第18話 西方外交 序 前

 「あぅ……まだヒリヒリします……」

 「本当にお尻ペンペンするんだな……アカイメネス家は」


 レムリアに戻って来たシェヘラザードの訴えに、エルキュールは苦笑いを浮かべた。

 

 「……そんなにおかしいですか?」

 「お尻ペンペンなんて、普通十二歳過ぎたらやらんと思うが……」


 とはいえ、家庭には家庭の事情がある。

 アカイメネス家にユリアノス家の常識を押し付けようとは、エルキュールは考えていなかった。


 「家庭と言えば、ウァレリウス家には行ったか?」

 「あ、はい。お婆様やお爺様にはとても親切にして貰いました。……不味かったですか?」

 「いや、ノヴァ・レムリアに滞在する間は自由にどこに行っても良いさ。法律で行ってはいけないと定められている場所以外はね。それにしてもお爺様とお婆様ね……」


 エルキュールの記憶が正しければファールス王国の先代国王、つまりササン八世の両親は死んでいる。

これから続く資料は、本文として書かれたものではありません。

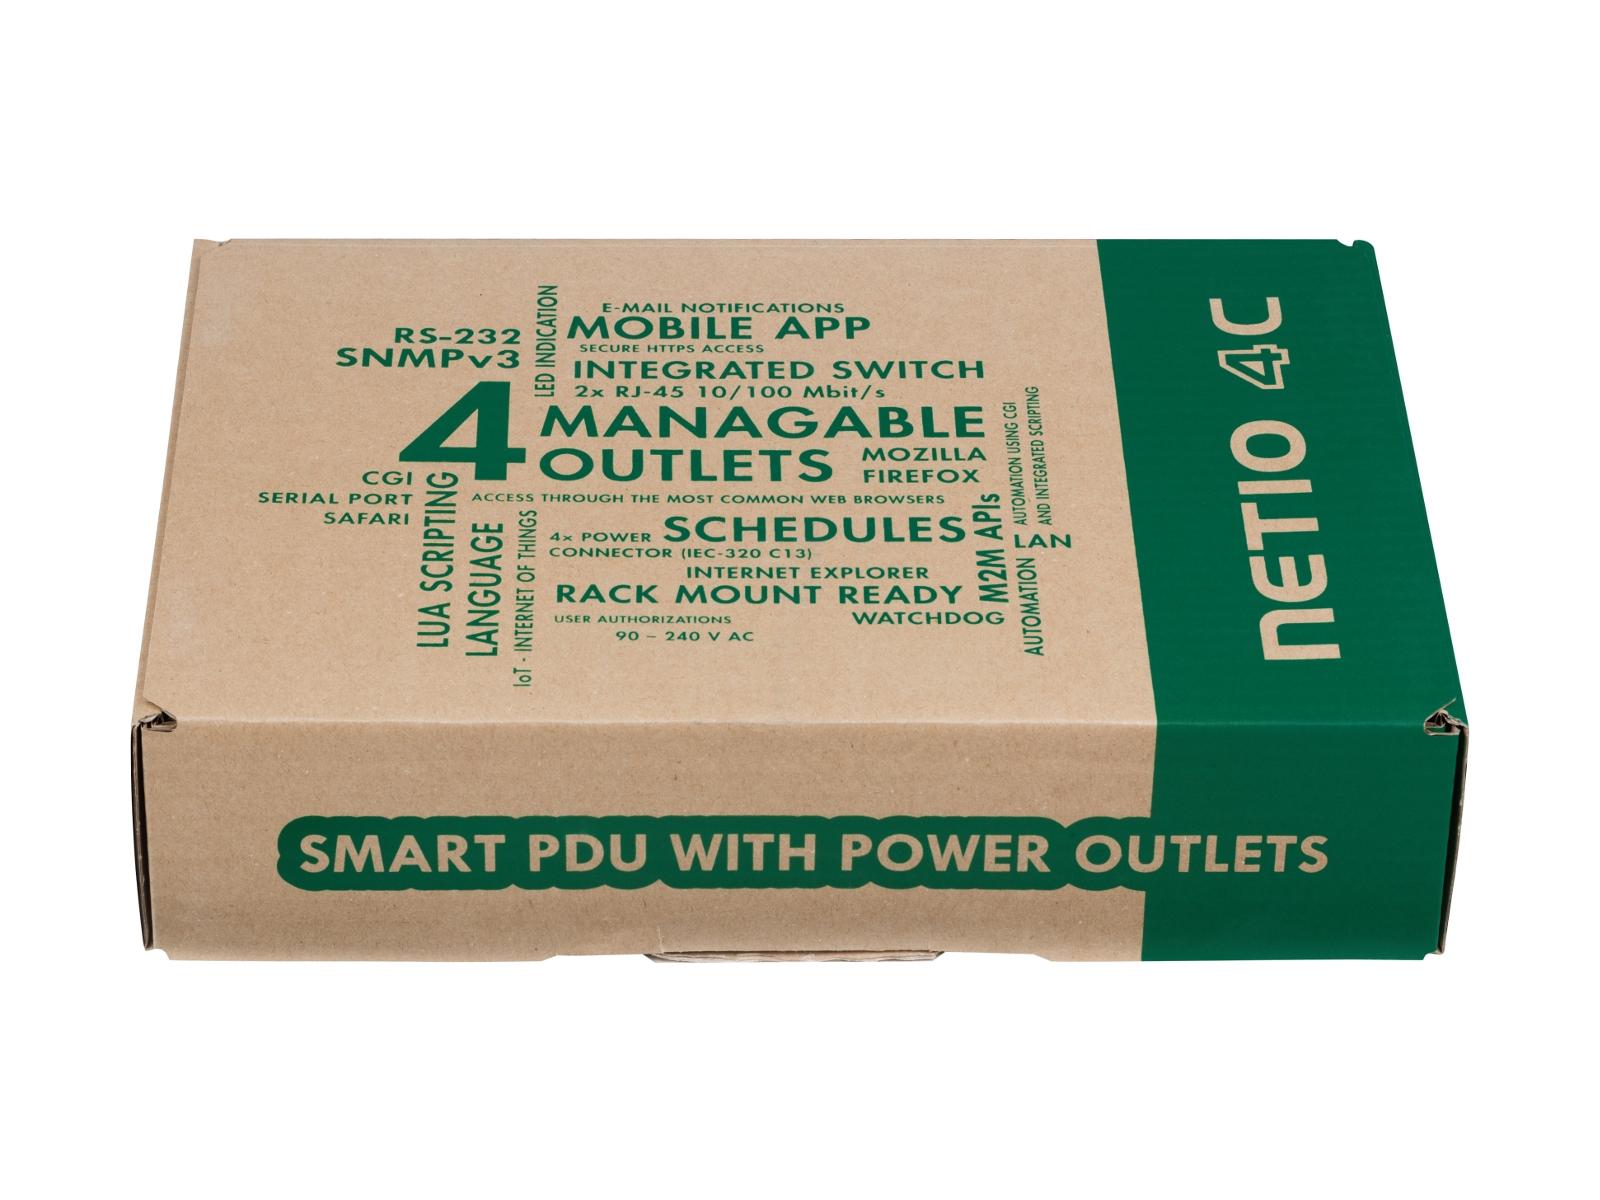 power outlet, smart PDU, PDU, Watchdog, watchdog functionality, server shutdown, ethernet switch, SNMP v3, snmpv3, snmp pdu, Telnet, Scheduler

 つまりシェヘラザードにとっては初めての祖父母ということになる。

 

 まあエルキュールからするとシェヘラザードのレムリア貴族との交流は歓迎する理由はあれども、妨げる理由はない。

 シェヘラザードをレムリアに繋ぎ止める鎖は多いに越したことはないのだ。


 「私、てっきり邪険に扱われると思っていたので」

 「まあ種子が誰のだろうと孫は孫だからな」


 ウァレリウス家からすればルーカノスもササン八世もただの他人である。

 それにルカリオス家よりもアカイメネス家の方が遥かに家格は上なので、むしろ喜んでいる可能性すらある。

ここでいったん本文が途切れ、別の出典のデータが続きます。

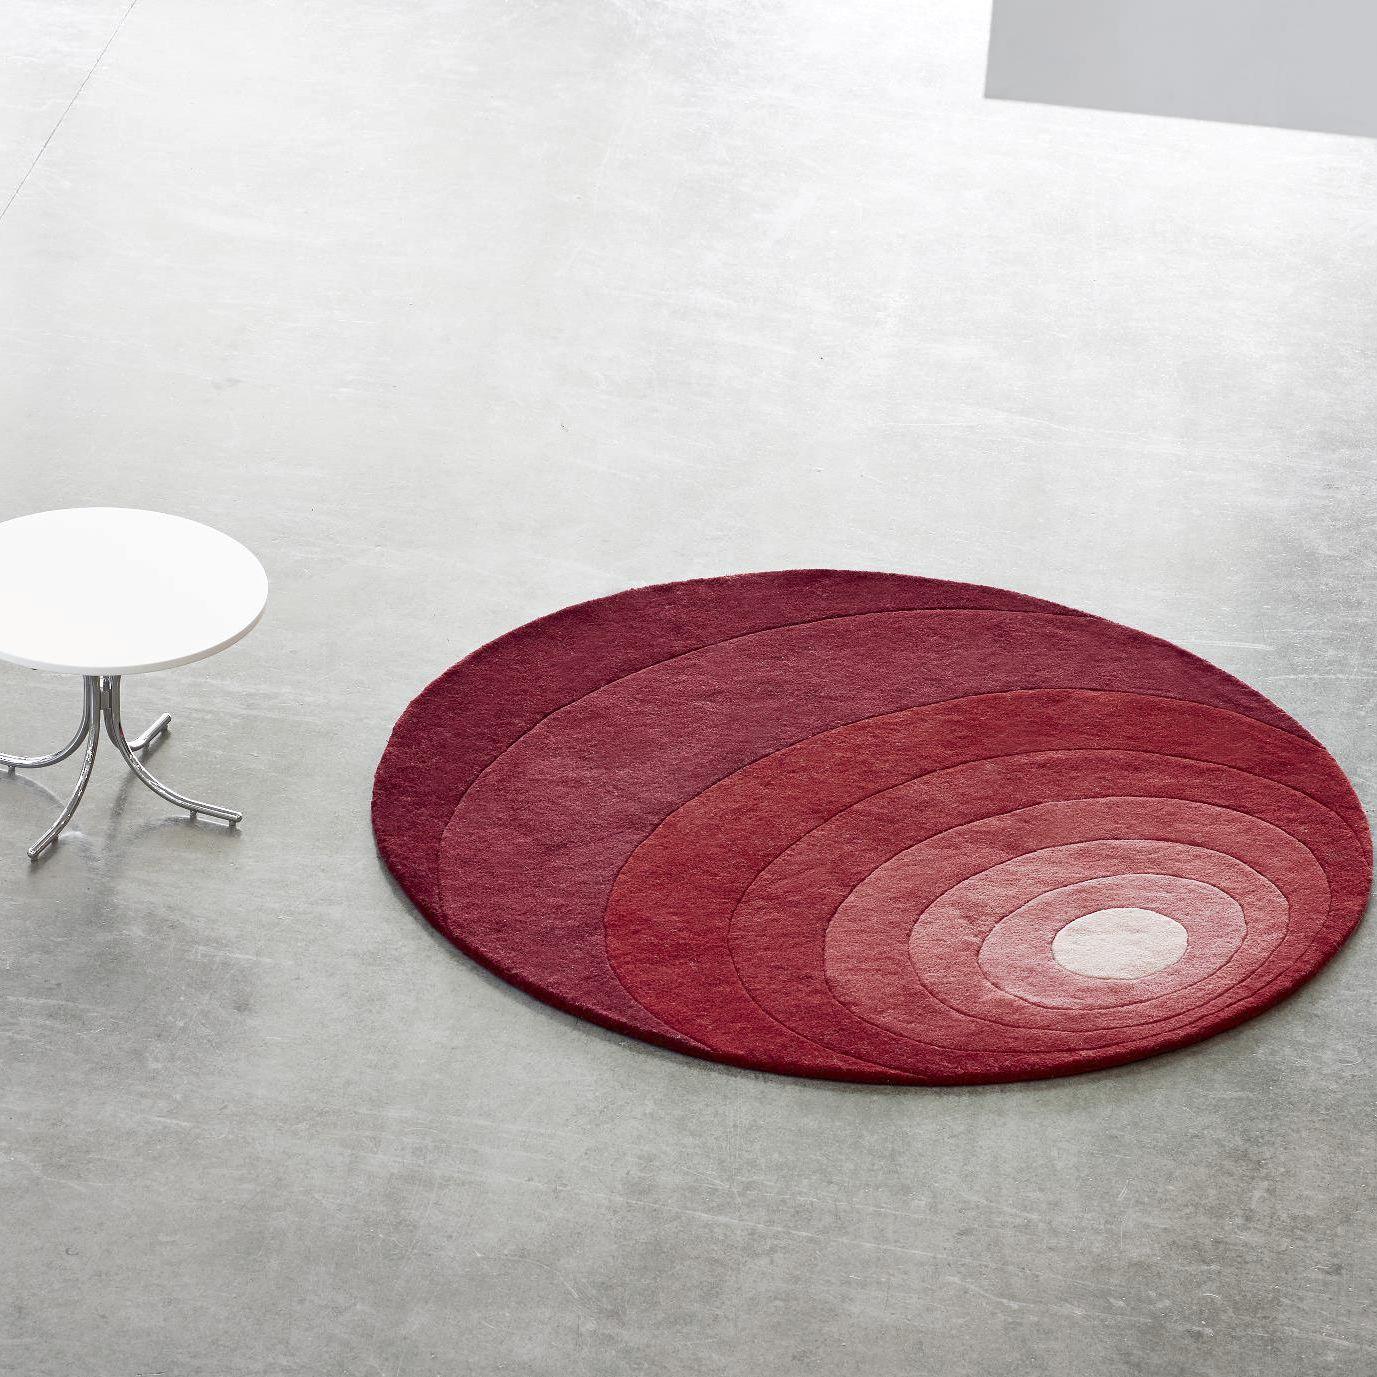 Tappeto moderno / geometrico / in lana / rotondo - LUNA - VerPan

 まあどっちにしろ、ウァレリウス家からすれば良くも悪くもヘレーナは家の存続には無関係の娘だ。

 良くも悪くも、「もううちの家とは関係ない」ということになる。

 

 まあルカリオス家からすると愉快な話ではないだろうが。


 「あの……陛下、お一つ質問なのですが良いですか?」

 「何だ?」

 「そのお母様とお父様とルーカノス様の件って、レムリア法だとどうなりますか?」

 「場合によるな」


 エルキュールは少し考えてから答える。


 「争点になるのは口説いてから抱いたか、抱きながら口説いたか、抱いてから口説いたか。口説いてから抱いたならヘレーナ妃とササン八世が死刑。抱いてから口説いたならササン八世が姦淫罪で死刑。抱きながら口説いた場合は……まあ情状酌量の余地ありということでヘレーナ妃の死罪は免れるだろうな」


 早い話、浮気が先かレイプが先かというのが問題になる。

 レイプだったらヘレーナが裁かれることはない。

 メシア教に於いても、罪とされるのは意図的な行為であって、意図しない行為は許される。

 神様もそこまで器は小さくない。


 「ただルーカノスや周囲の人間の証言次第でもある。ルーカノスの奴が死刑は止めてくれというのであれば、その訴えを無視して死刑が強行されることはない。あとルーカノスの奴が日常的に暴力などを振るっていて、関係が既に破綻していたのであれば罪はかなり軽くなるだろうな。後はまあ、裁判官の気分と弁護人の腕次第だな」


 レムリア帝国は裁判制度が非常に発達している。 

 少なくとも法律に従って機械的に刑が下されるということはない。


 「だがそもそもことが起こったのはファールス王国領内だ。レムリア法の範囲外だな。そもそも捕虜は捕らえられた段階で、捕らえた者のモノというのが今までの両国の慣習だな。俺には口を出す権利がない。まさかササン八世を呼び出して裁判なんぞ、やるわけにもいかん」


 加えてレムリア帝国が今までそう言うことをしなかったのかと言えばウソになる。

 レムリア帝国の貴族の中にも、ファールス王国貴族の血を引く者は大勢いるのだ。

 家系図を調べてみなければ分らないが、当事者であるルーカノスにもその血が混じっている可能性は大いにある。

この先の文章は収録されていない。